Now i see a typo in my previous post, it says
MATCH (s)-[r:SIMILAR_TO]->(n), (a)<-[r2:SIMILAR_TO]-(n)
but should be
MATCH (s)-[r:SIMILAR_TO]->(n), (s)<-[r2:SIMILAR_TO]-(n)

will test it and come back with my findings

Now nothing happens with that query that i had a typo in before.

The query below removes 277 relationships of total 392 where all is symmetric so it should only be 196 that should be removed. Why does it some time remove both relationships and sometime not.

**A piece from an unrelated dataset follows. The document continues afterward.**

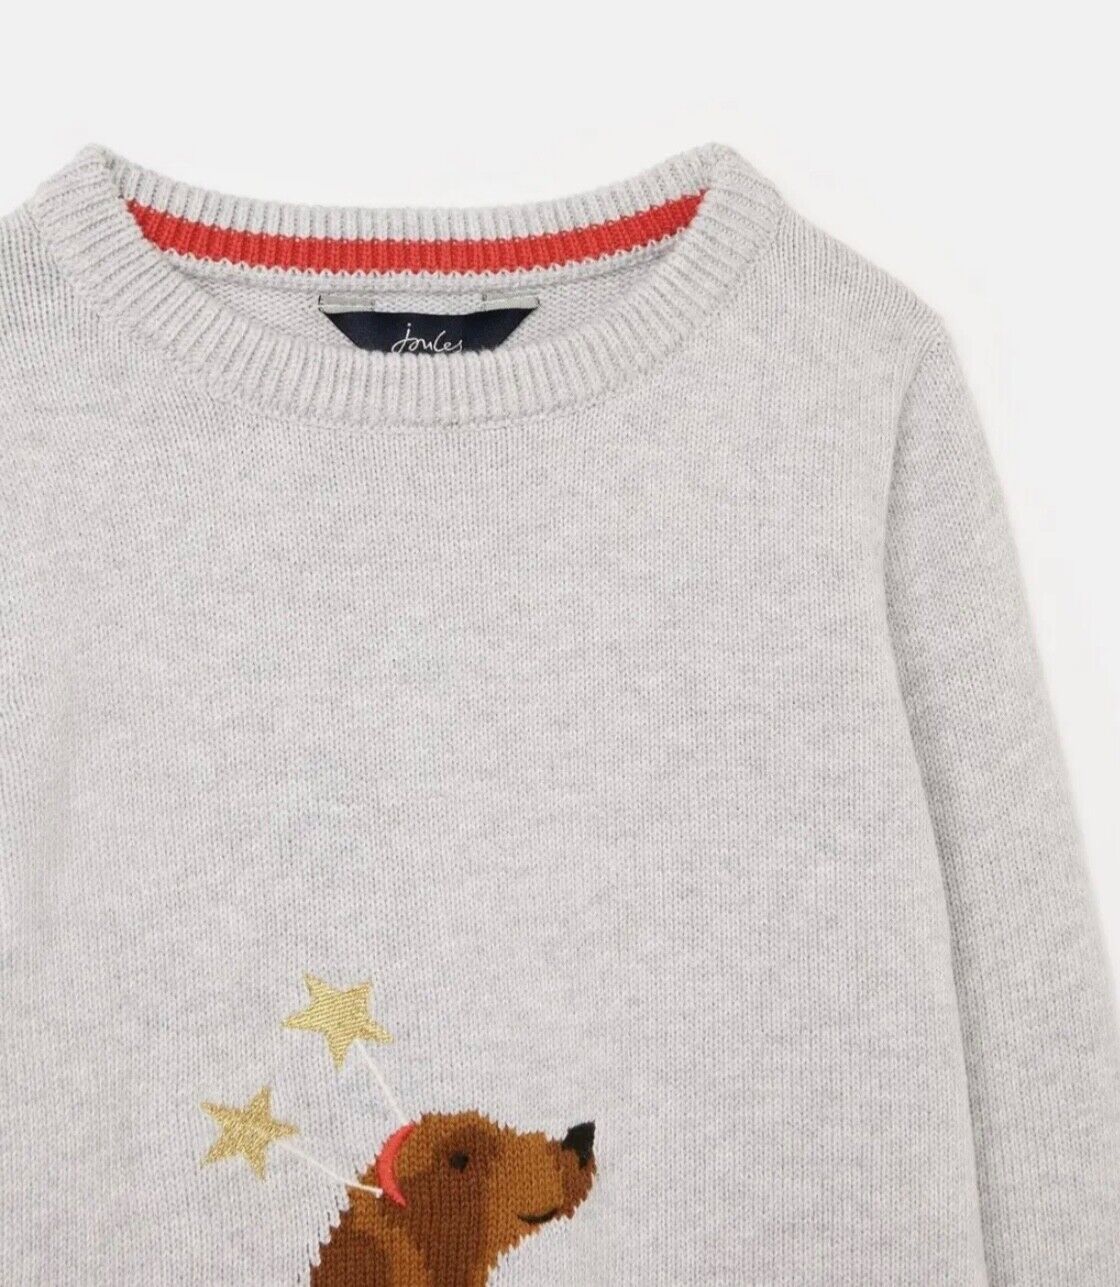 Ex Joules Xmas Christmas Cracking Festive Dachshund Jumper  2 -12 Years RRP £30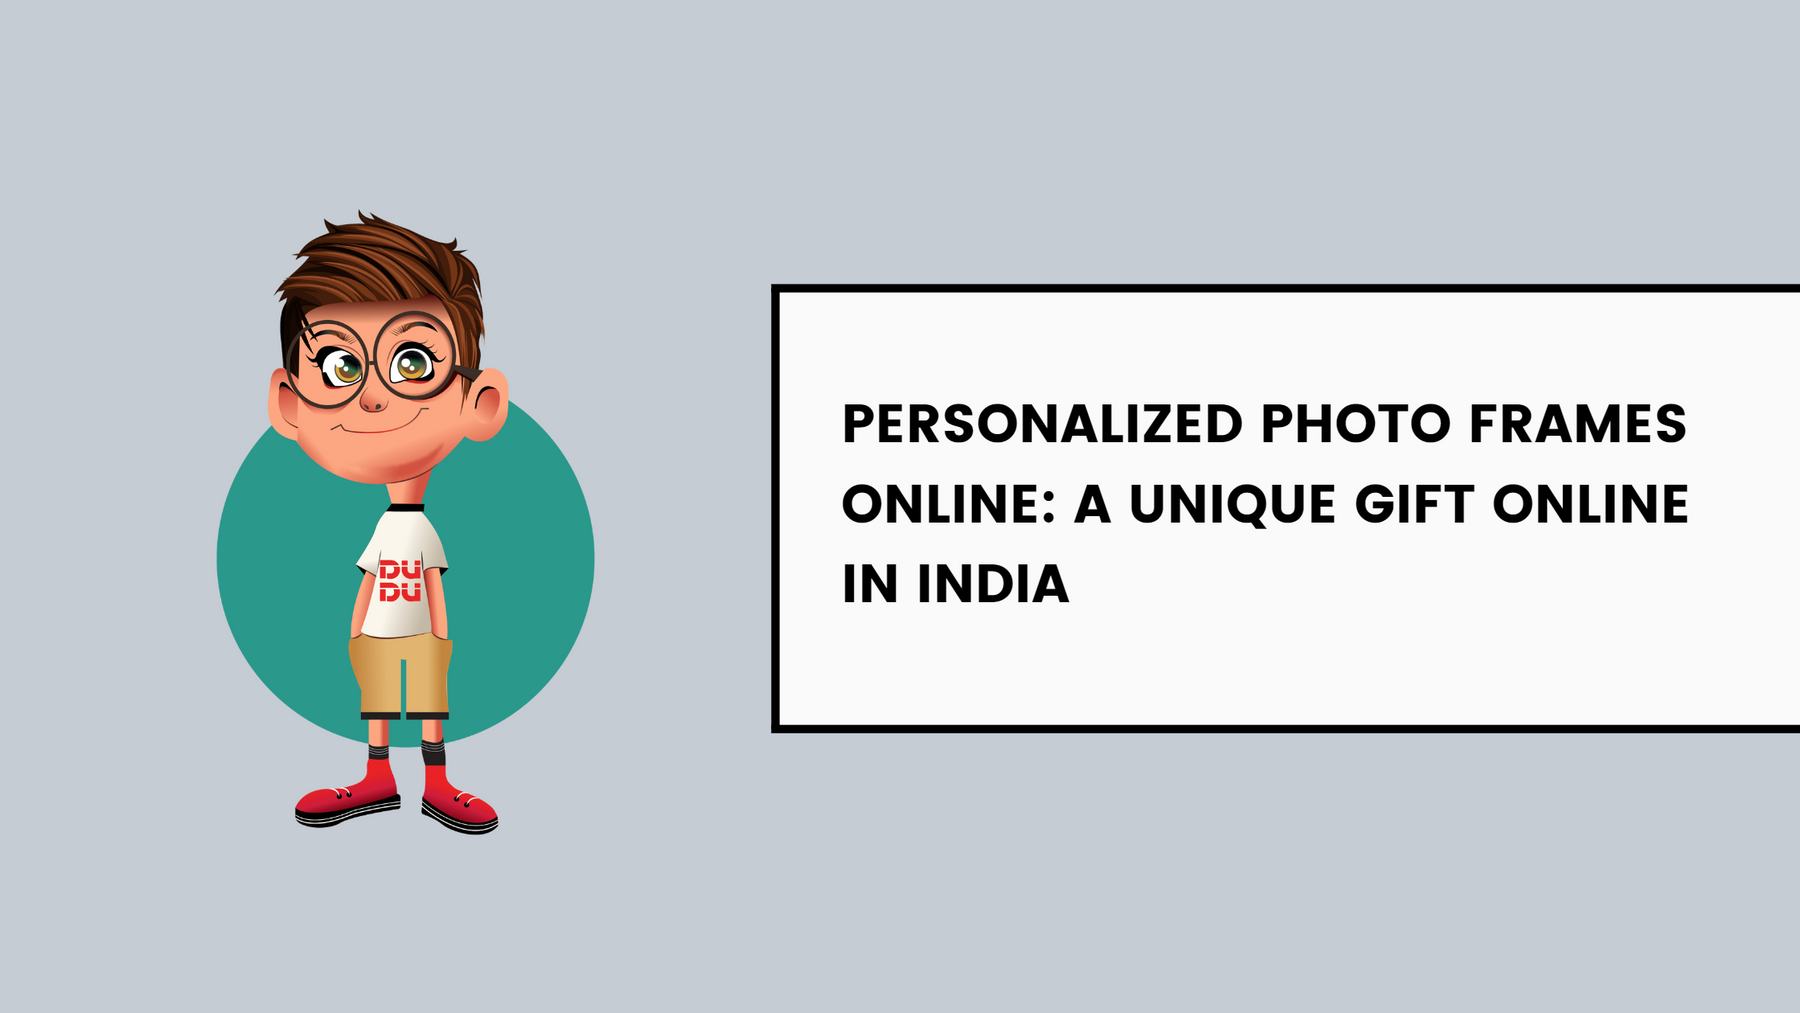 Personalized Photo Frames Online: A Unique Gift Online in India

//remove all dual link of similarity
MATCH (s)-[r:SIMILAR_TO]-(n)
with s,n,type(r) as t, collect(r) as coll 
foreach(x in tail(coll) | delete x)

result in query, needed to add the 8610083 to the query to show that it had no relations

This seems to be working:

MATCH (s)-[r:SIMILAR_TO]-(n)
with s,n,type(r) as t, collect(r) as coll 
foreach(x in tail(coll) | delete x)

This removed most relationships, not double links! Not a solution

lingvisa
Graph Fellow

Is there a way to configure the similarity algorithms to not create double links, so that it doesn't need to be deduplicated afterwards? For large graph, these double links slow down and increase memory usage.

For clarification, did you use the topN or topK parameter?

Because for topK the result is not symmetric anymore.